--- What you need to do ---
Could you output each line below precisely as it stands, without the images?

--- Data provided ---

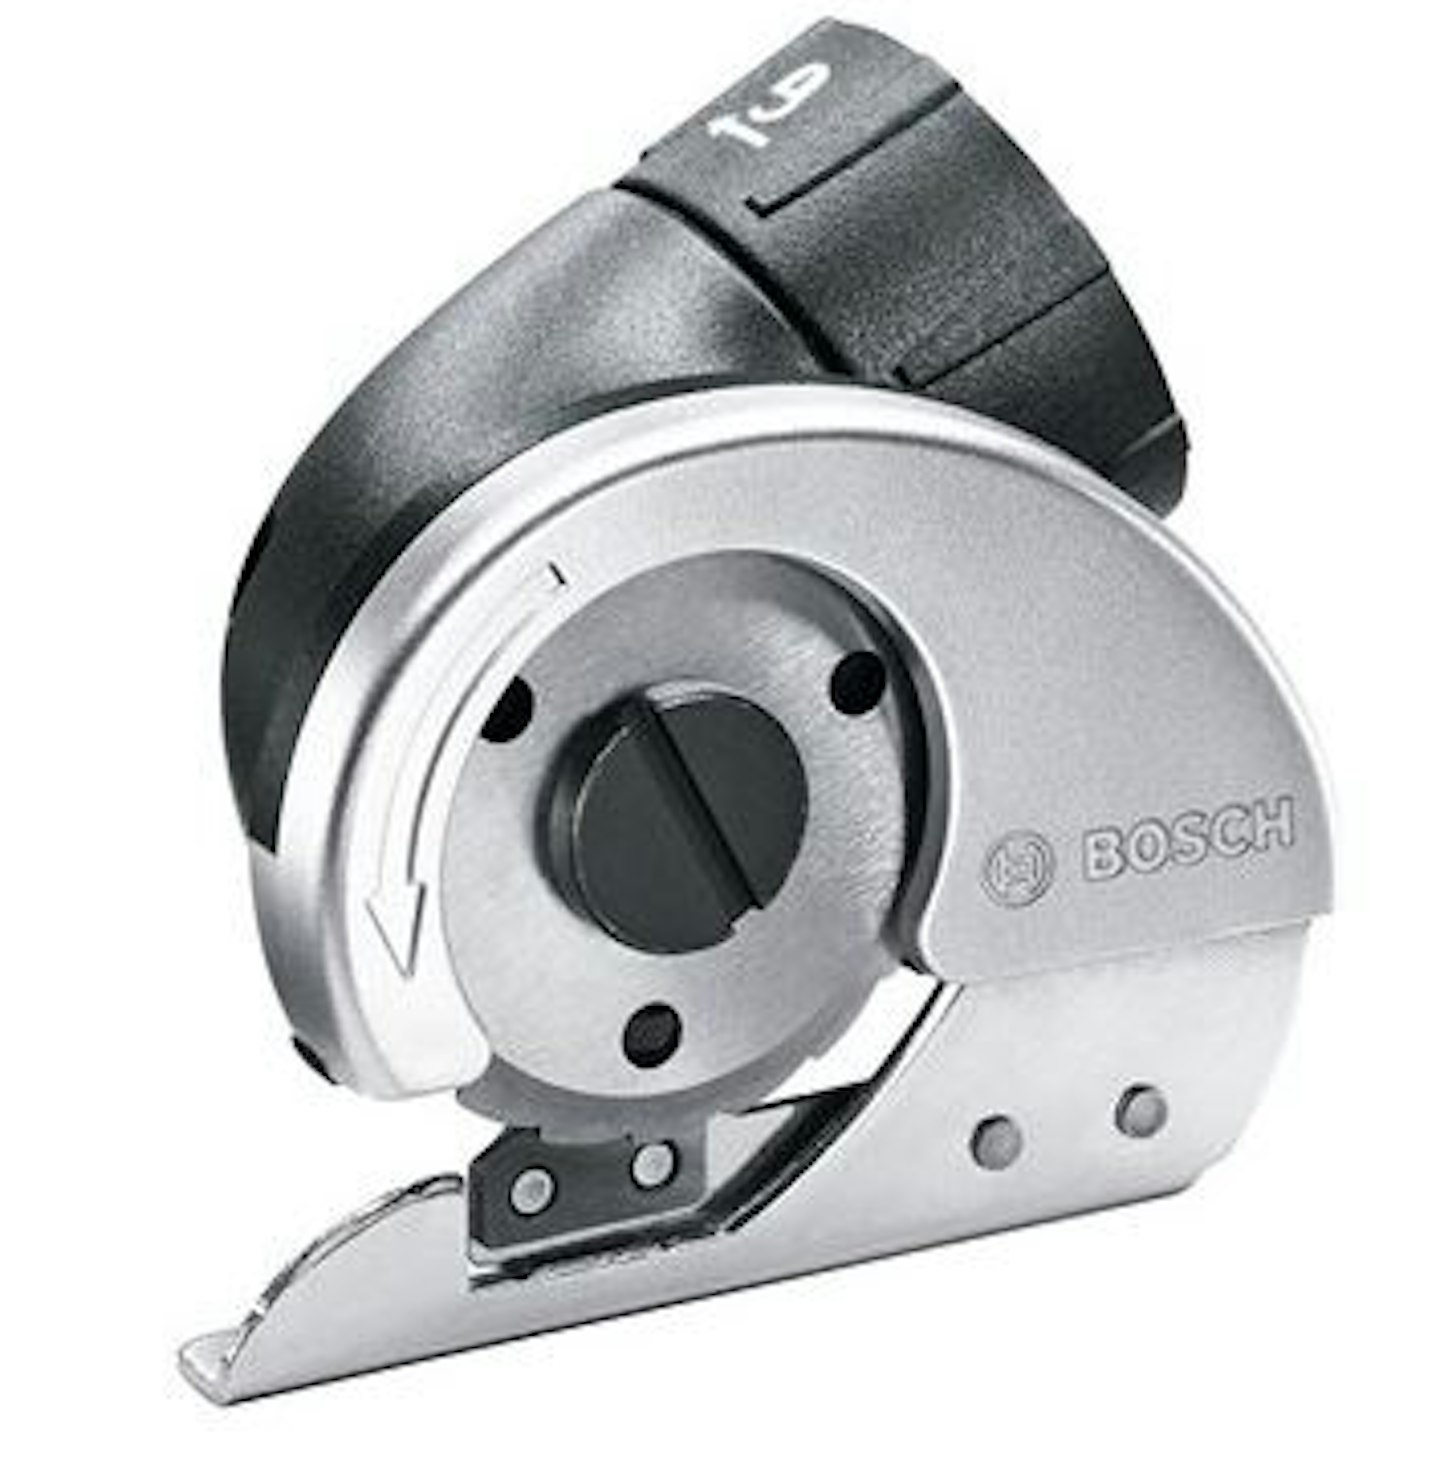 Bosch IXO Cutter Adapter
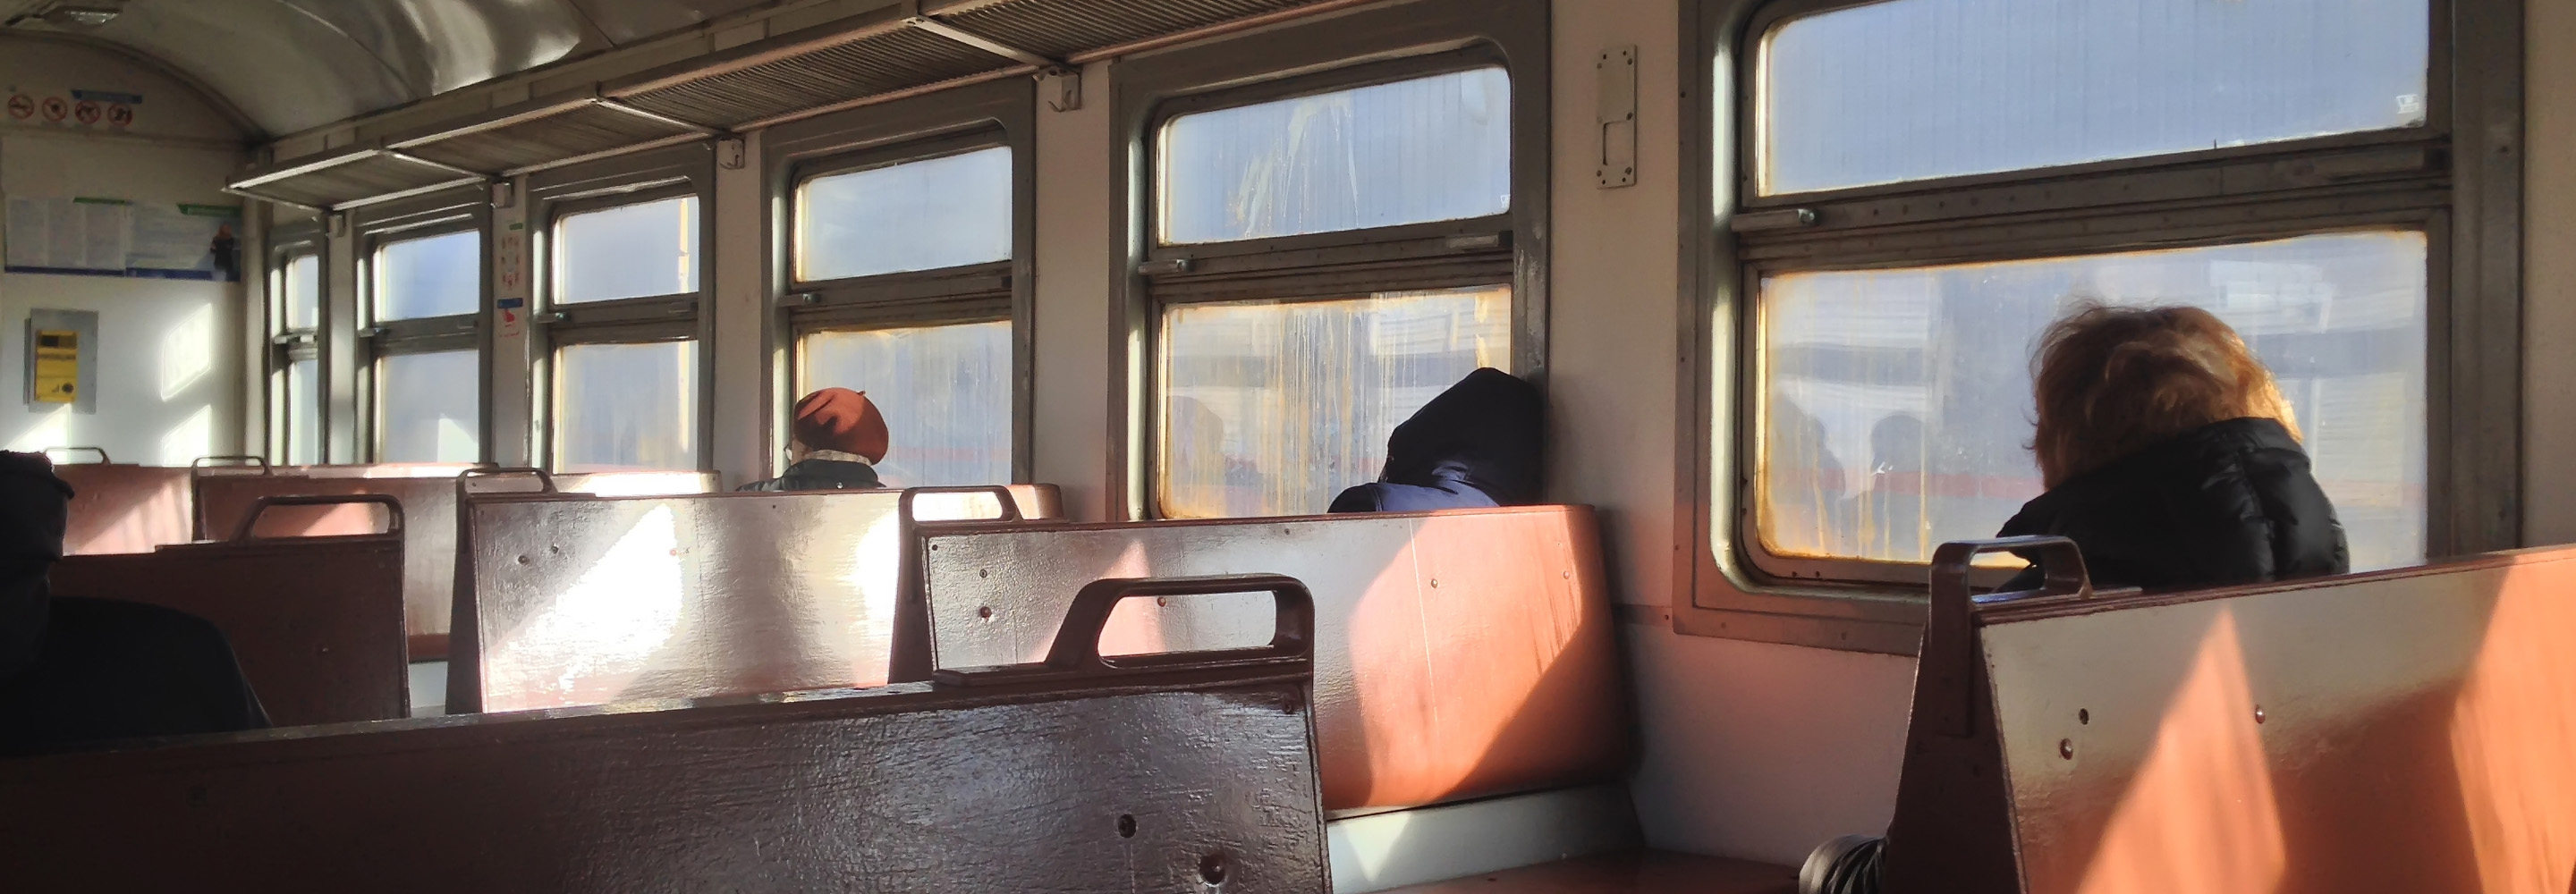 Видеонаблюдение в вагоне поезда | Алодис
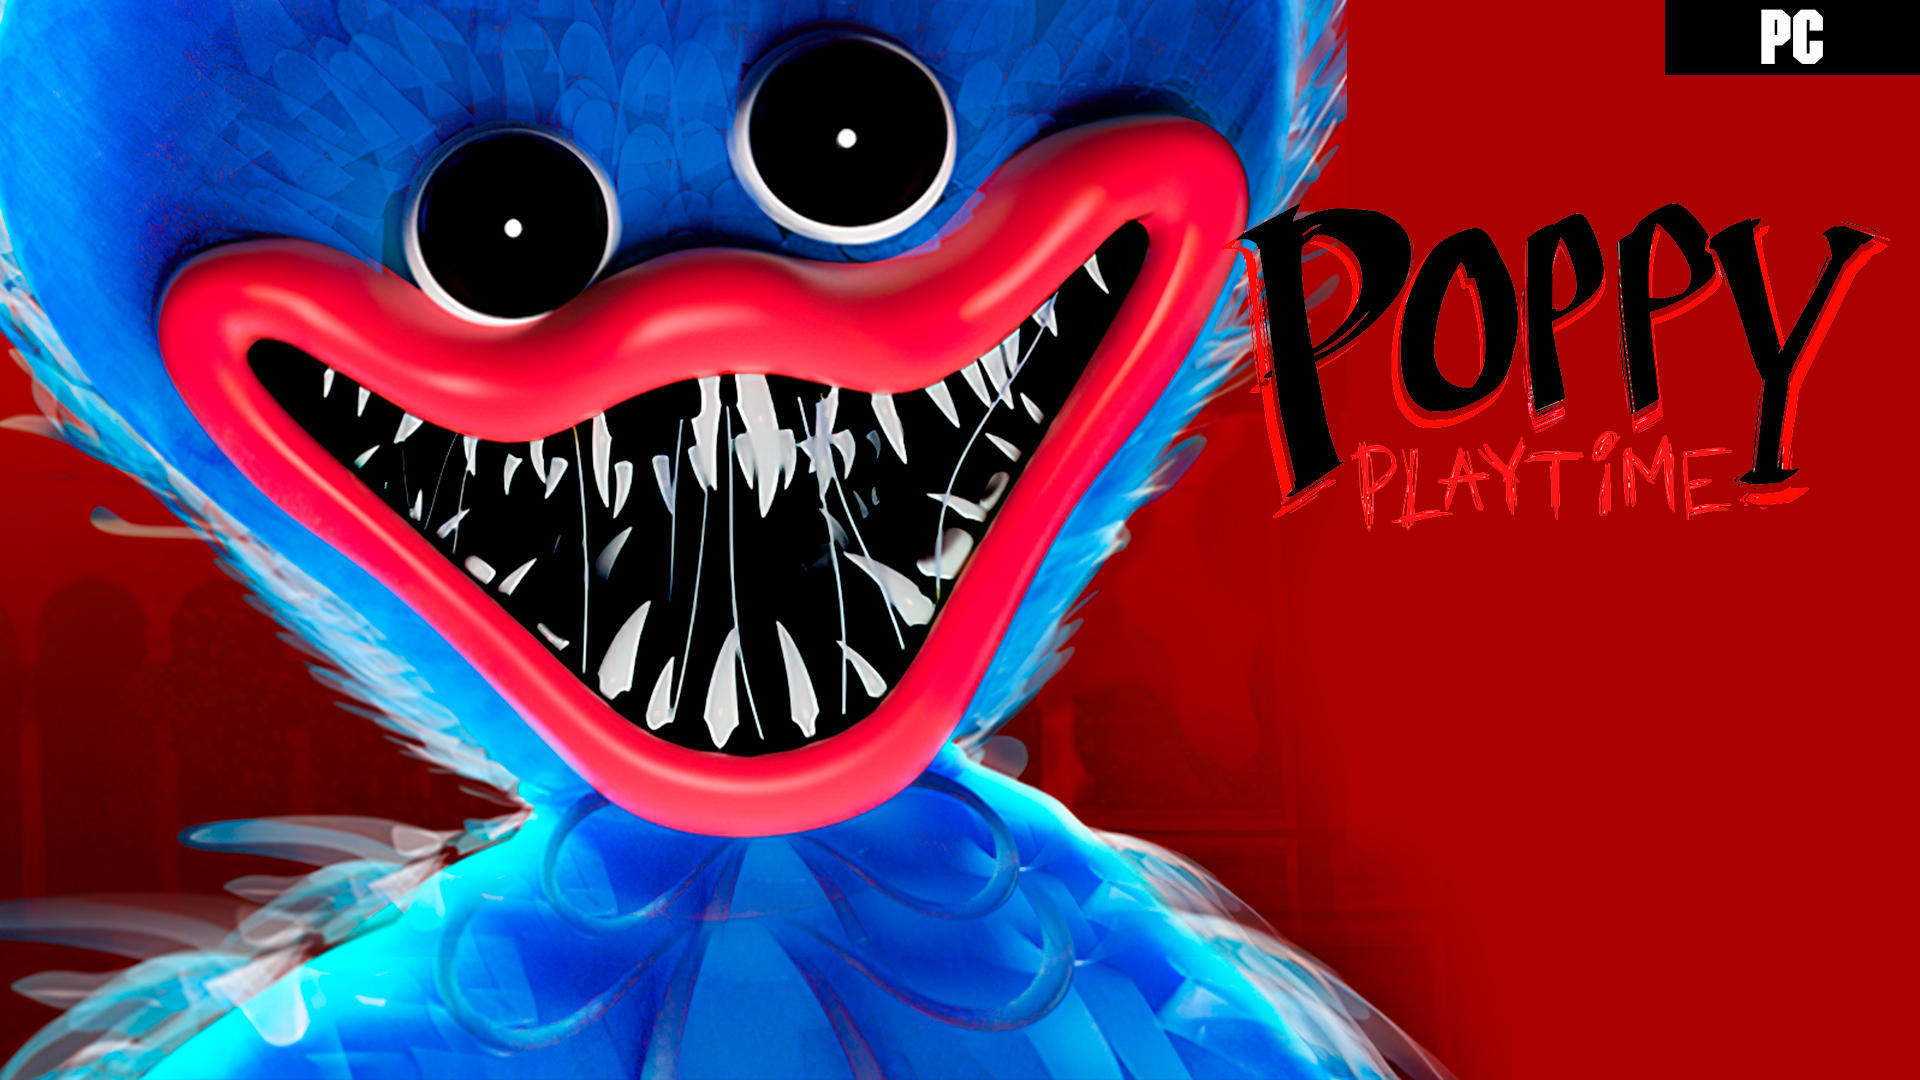 El primer capítulo de Poppy Playtime es gratuito para siempre - Vandal

--- Result of the task ---
 Bosch IXO Cutter Adapter
 Видеонаблюдение в вагоне поезда | Алодис
 El primer capítulo de Poppy Playtime es gratuito para siempre - Vandal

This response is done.